§ Work item
Locate the word "dipstick" in the data below, then copy every line that holds it.

§ Information shown

[Start of section]

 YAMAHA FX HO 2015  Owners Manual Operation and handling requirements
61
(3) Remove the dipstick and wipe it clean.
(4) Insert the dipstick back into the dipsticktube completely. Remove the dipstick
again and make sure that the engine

[End of section]
[Start of section]

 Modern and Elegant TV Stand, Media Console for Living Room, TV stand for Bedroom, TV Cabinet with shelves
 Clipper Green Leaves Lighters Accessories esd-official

[End of section]

§ Task output
(3) Remove the dipstick and wipe it clean.
(4) Insert the dipstick back into the dipsticktube completely. Remove the dipstick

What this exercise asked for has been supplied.